We collect and process a variety of Your personal data and may require You to provide personal data for the purposes mentioned further below. Depending on the purpose for which they are collected and further processed, the personal data may include:
- Identity Data: including names, date of birth, passport number or other official identity number, gender indication, nationality, marital status;
- Contact information: including address, email address and telephone number;
- Professional information: including job title, email address, phone number and addresses,;
- Professional career data: including your previous positions and professional experience;
- Technical data, including online identifiers: for example, internet protocol (IP) address or domain names of the devices utilised, login data, browser type and version, uniform resource identifier (URI) address, time zone setting and location, browser plug-in types and versions, ESA or other operating system and platform and other technology on the devices you are using – collected when you access our Website, our electronic portals and platforms which we offer or which we have agreed with you to use or made available to you where you have agreed to their use; logs;
- Photo: including photographs, likeness, image;
- Audio-video recording, statements, interviews;
- CCTV (“close circuit television”) and physical security data: CCTV footage and other information relating to access of our facilities obtained through electronic means,
- Financial data: bank account number, payment card details;
- Social media data: when you are an user of social media and depending on the circumstances or the social media in question, the personal data that we may collect are derived from:
- Your user profile, e.g.
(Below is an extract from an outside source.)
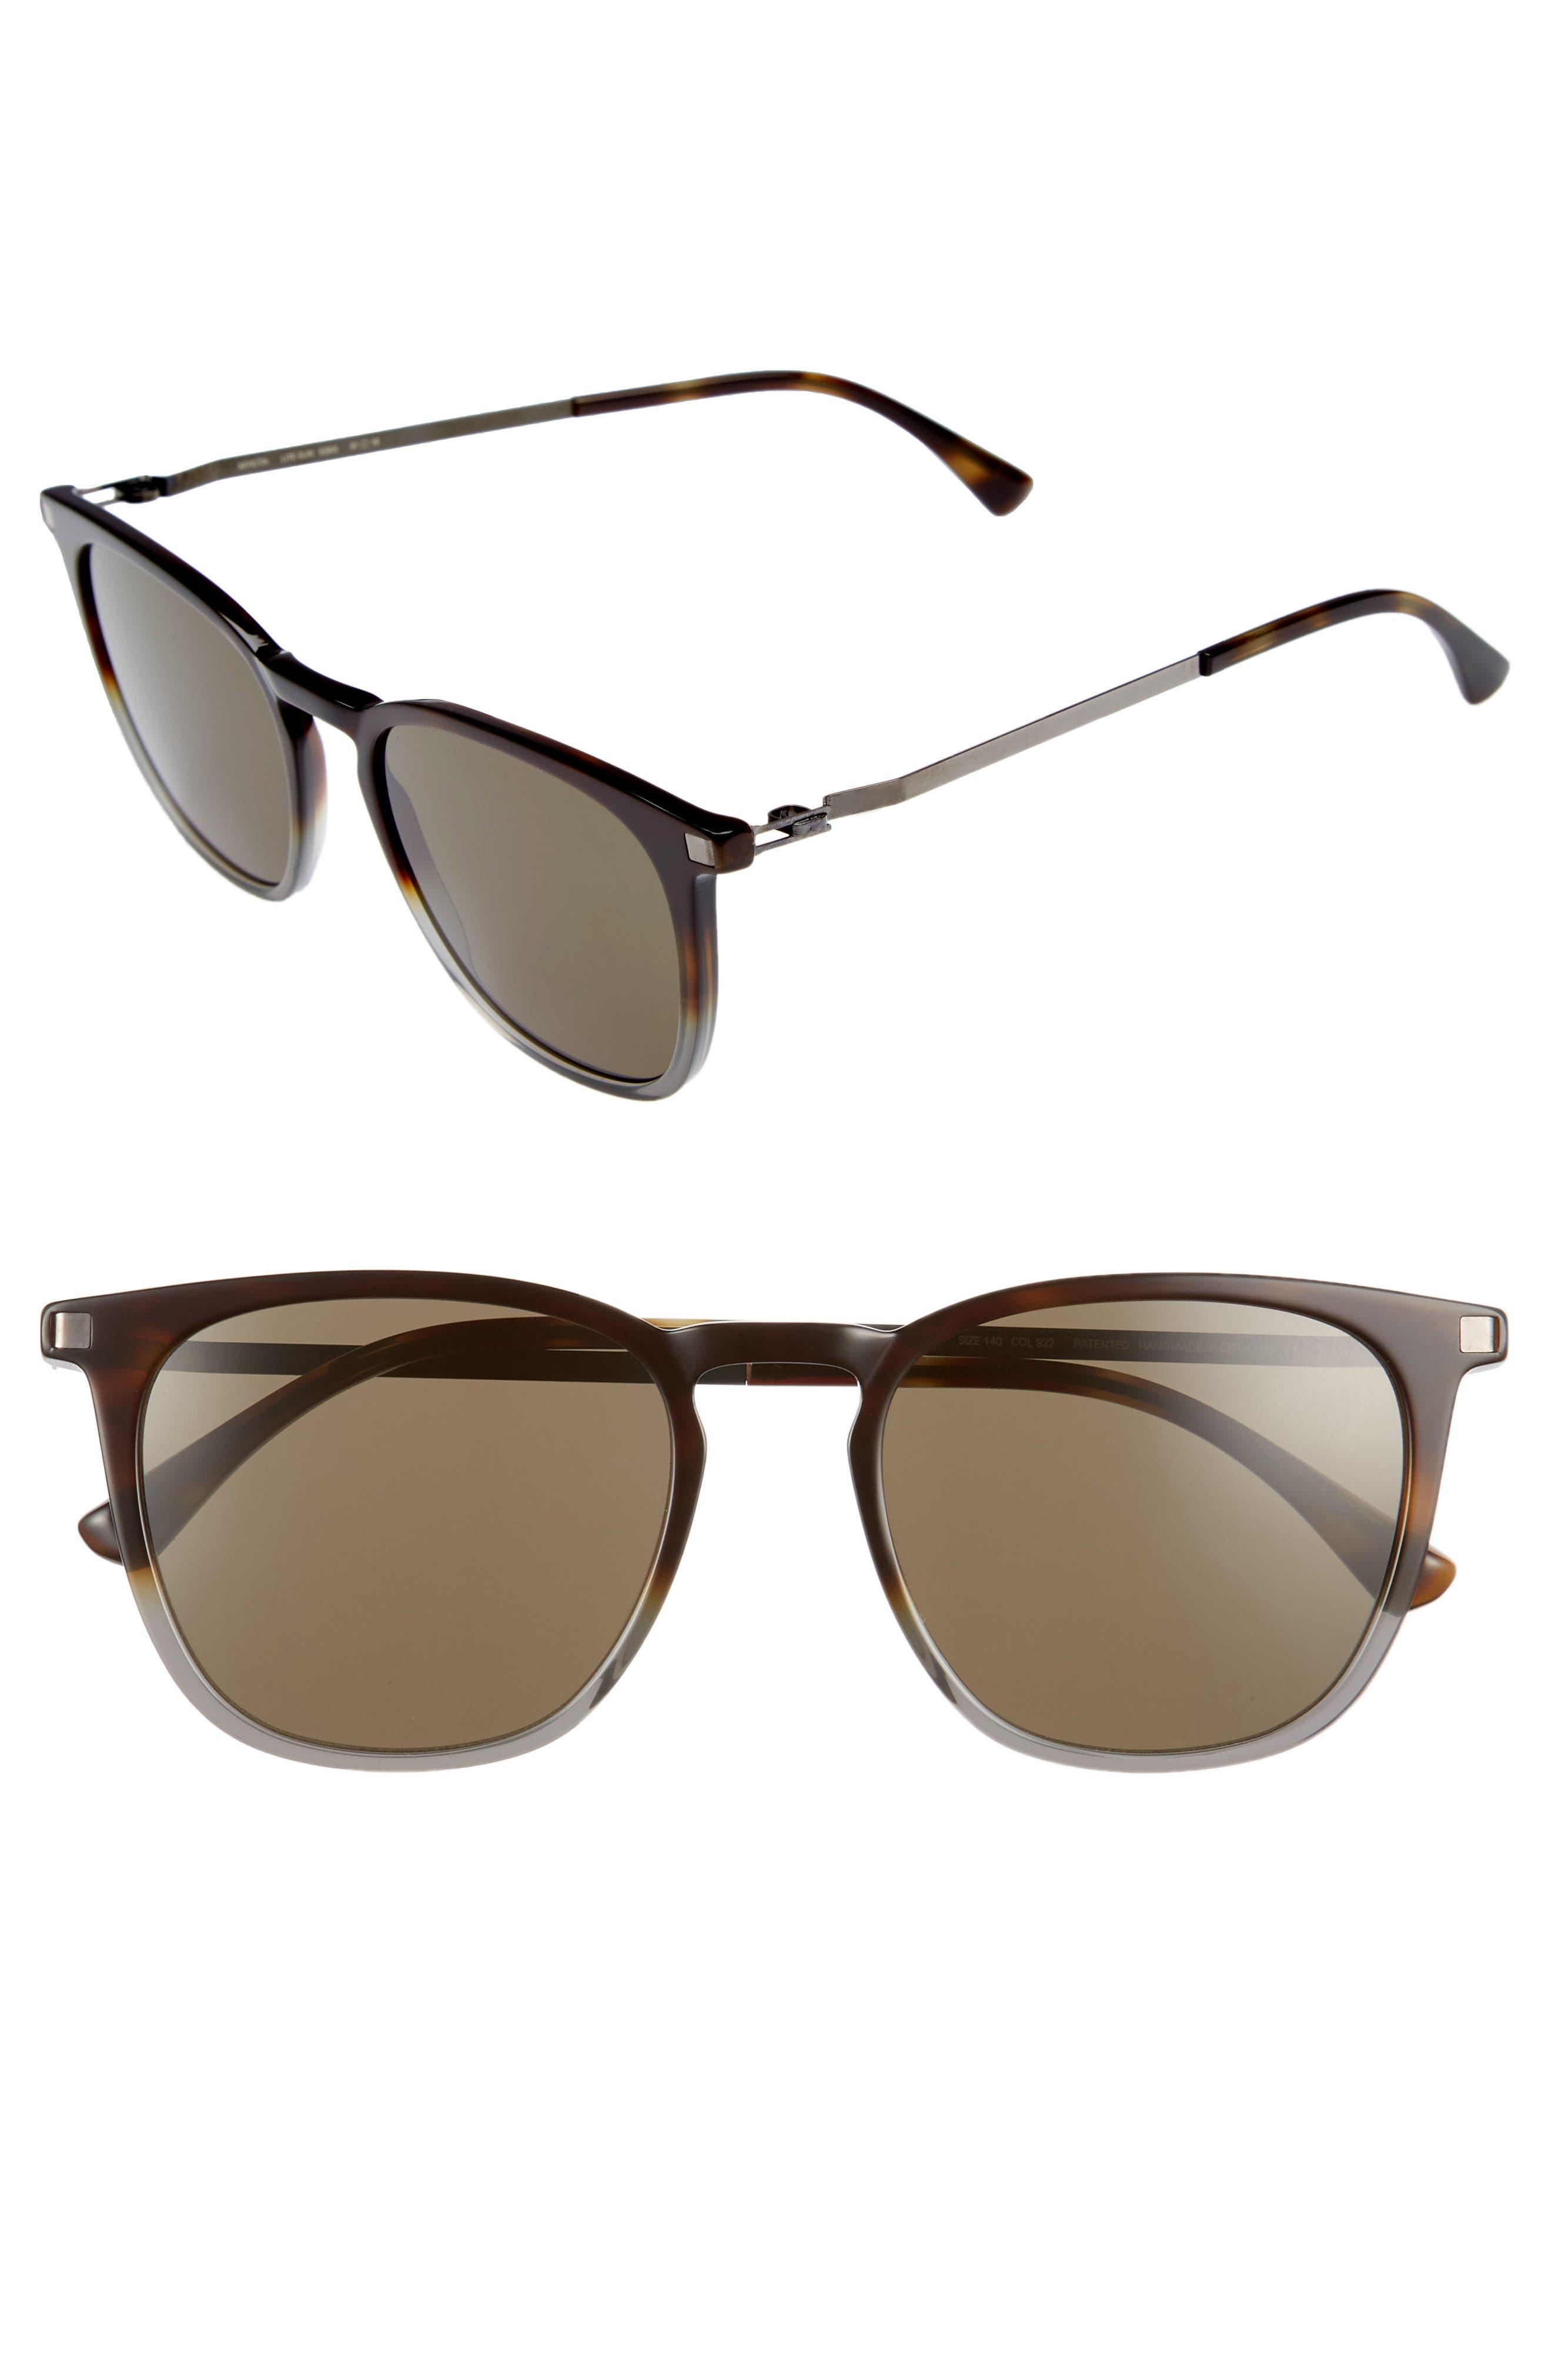 Eska 51mm Sunglasses,                         Main,                         color, Santiago Gradient/ Graphite

Your profile picture published on social media, your pseudonym, nickname or avatar),
- Your interactions (e.g. interacting with a story, following or unfollowing a web page, linking or unlinking a web page or post, recommending a web page, sharing a post, reacting to a web page or a post, commenting a web page or a post, or other action related to a specific topic, network and /or connection) on the social media or other information related to your habits, hobbies, interests, professional and educational background etc
- Your online identifiers, including Technical Data related to your social media use;
- personal data processed via third-party platform, app or a website (connected to social media platform) that may be obtained when a user visits or uses their services;
- the audiovisual content that might be published on the social media platforms; this may include information in or about the content provided by a user (e.g., metadata), such as the location / date of a photo, voice recordings, video recordings, or an image of a data subject
- other personal information You may disclose via the social media or in the use thereof.
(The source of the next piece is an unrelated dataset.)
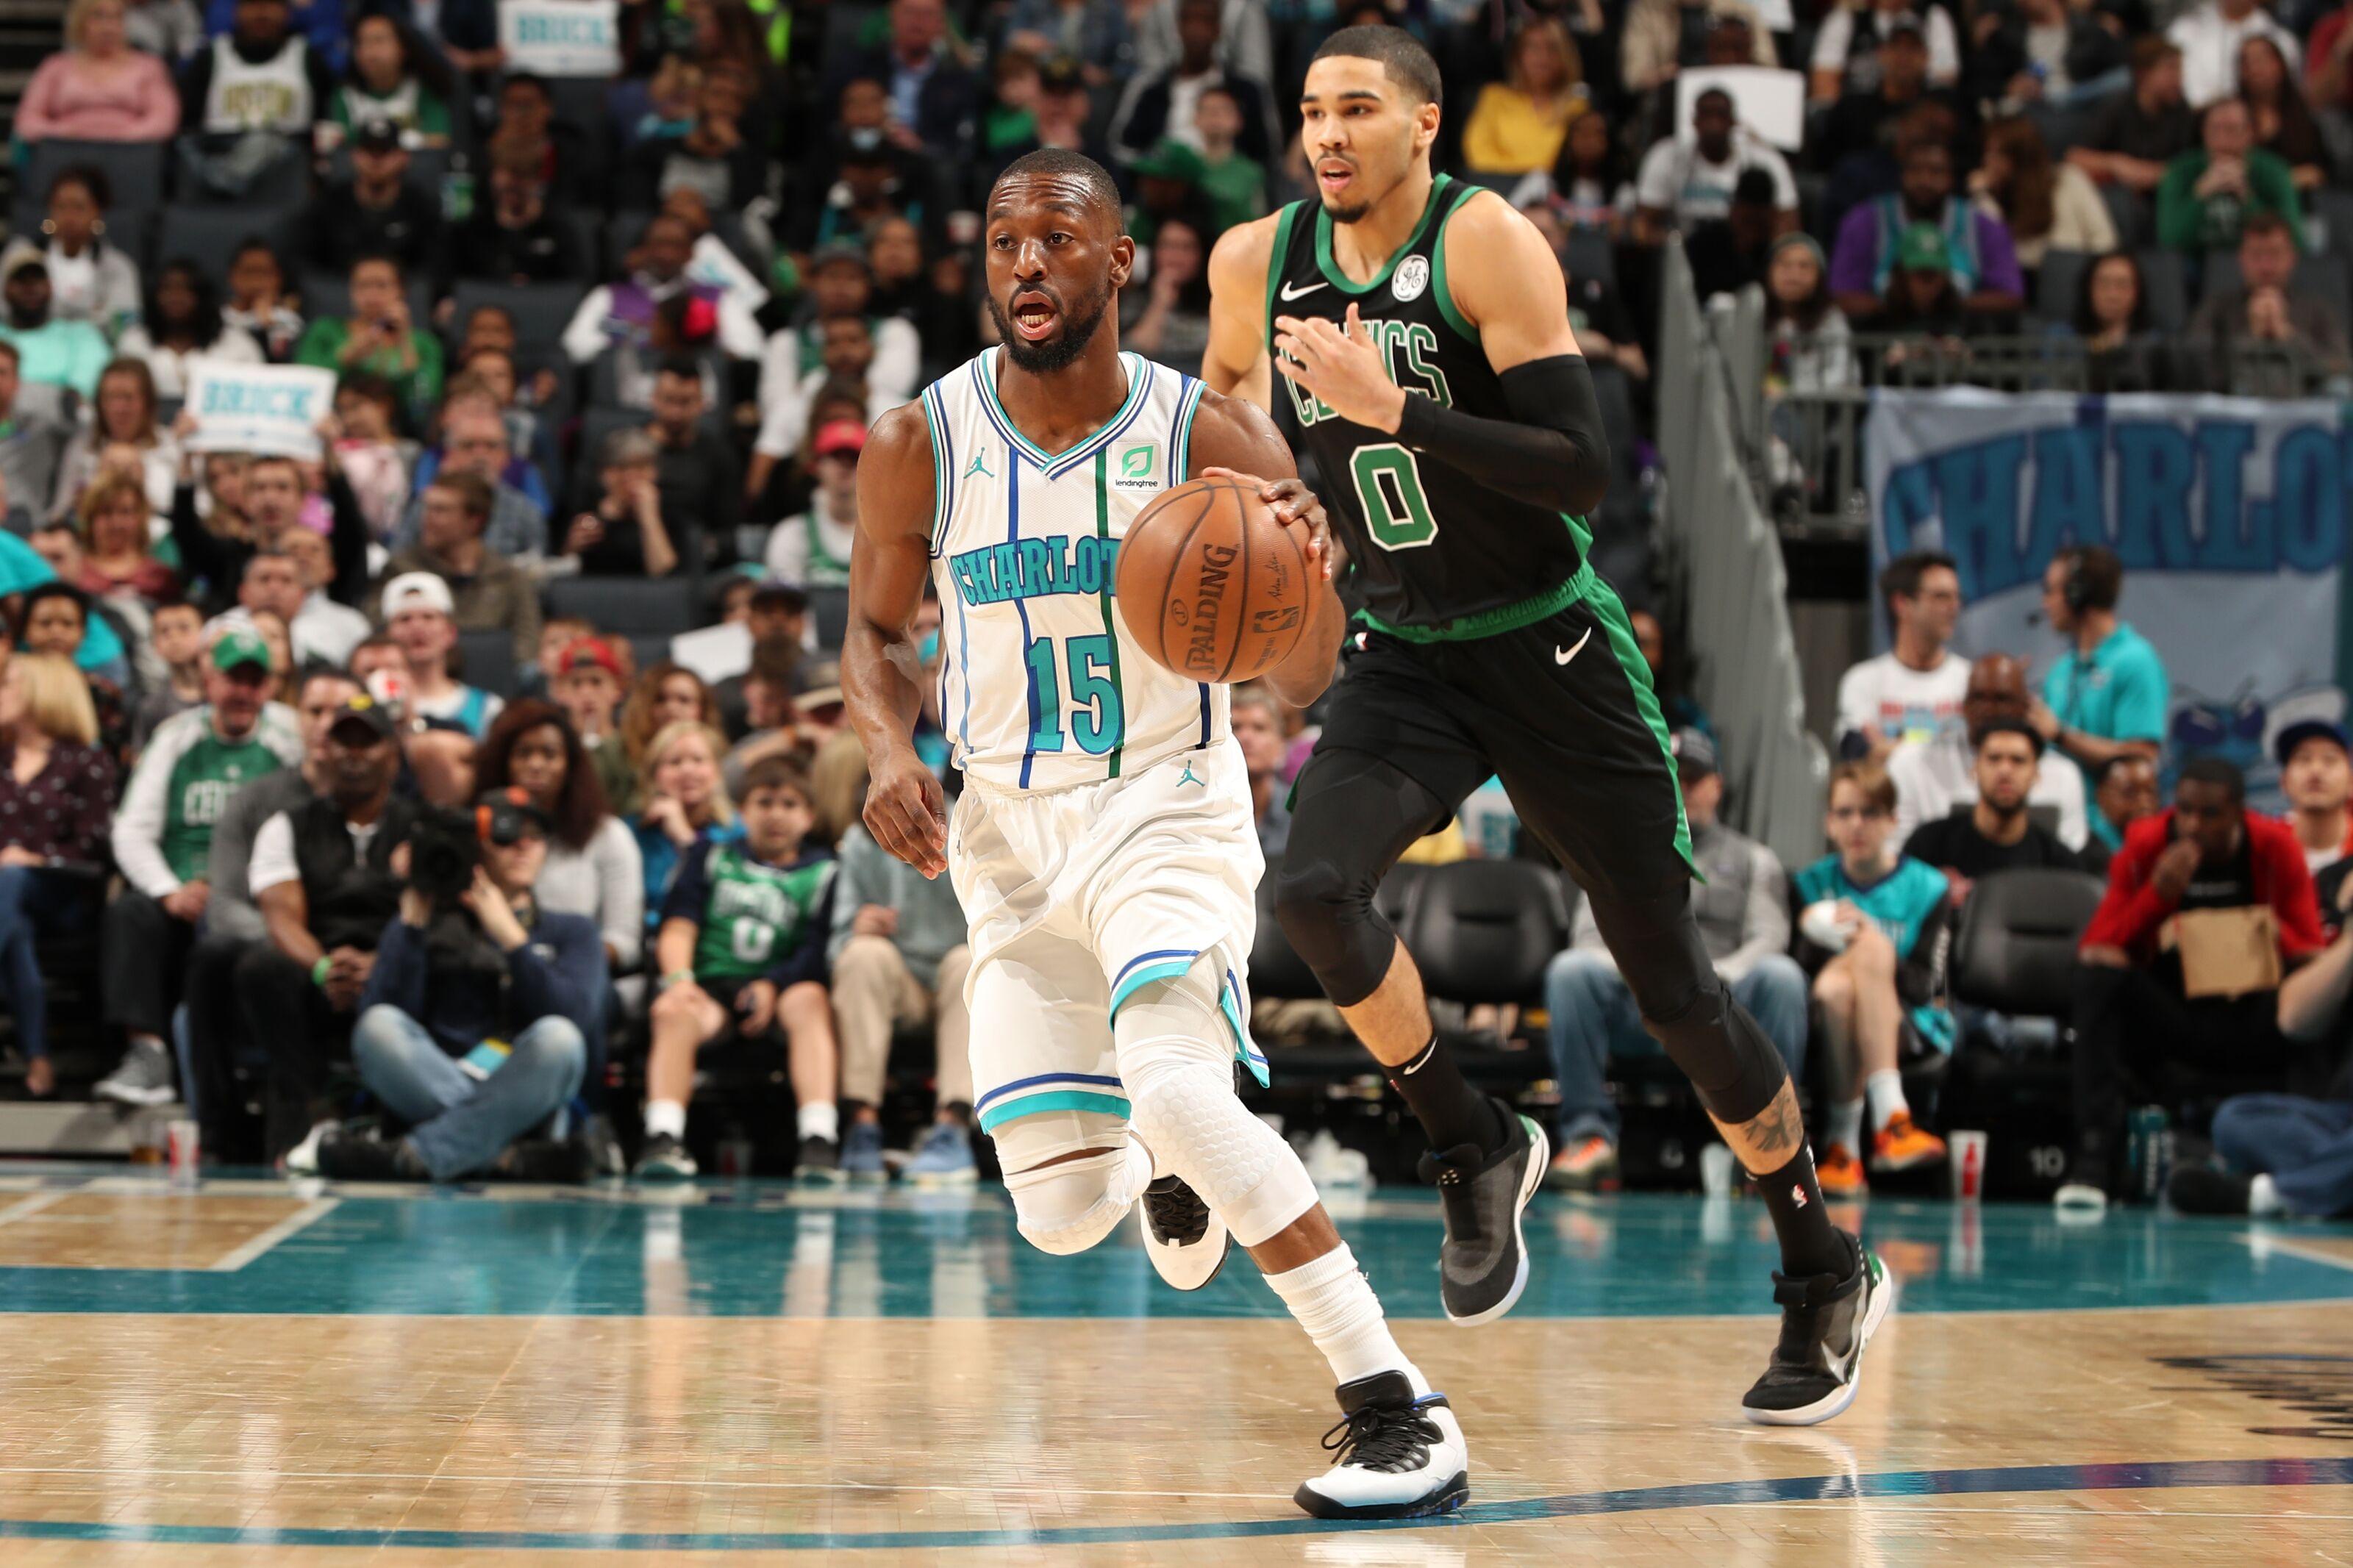 Projected Boston Celtics depth chart if Kemba Walker signs

- Other personal information You may provide, in particular content of exchanges with the Agency, as for instance dietary preferences, assistance data;
- Other personal data, to the extent you made them public;
- Other data, such as :
- Your messages, date, and time the message has been sent;
- the content of the questions you asked
- other data mentioned in Your messages,
- data You made public.
(3) How are Your personal data collected or further processed?
In addition to the personal data, We collect directly from You (e.g. you fill in a form submitted by, or for, ESA), We may, depending on Your situation, collect certain personal data about You indirectly by various means. This includes collection of personal data from availably sources or from third parties, including from analytics providers or from social media platforms (e.g., from the content you post on your social media, cookies deposited on your device if you have accepted their deposit etc.).
(4) Why are Your personal data collected and further processed?
We collect and process Your personal data because it is necessary for the activities conducted to fulfil Our purpose, which is “to provide for and to promote, for exclusively peaceful purposes, cooperation among European States in space research and technology and their space applications, with a view to their being used for scientific purposes and for operational space applications systems” (as per ESA Convention). We serve the public interest, and we wish to foster the public interest in space activities and programmes.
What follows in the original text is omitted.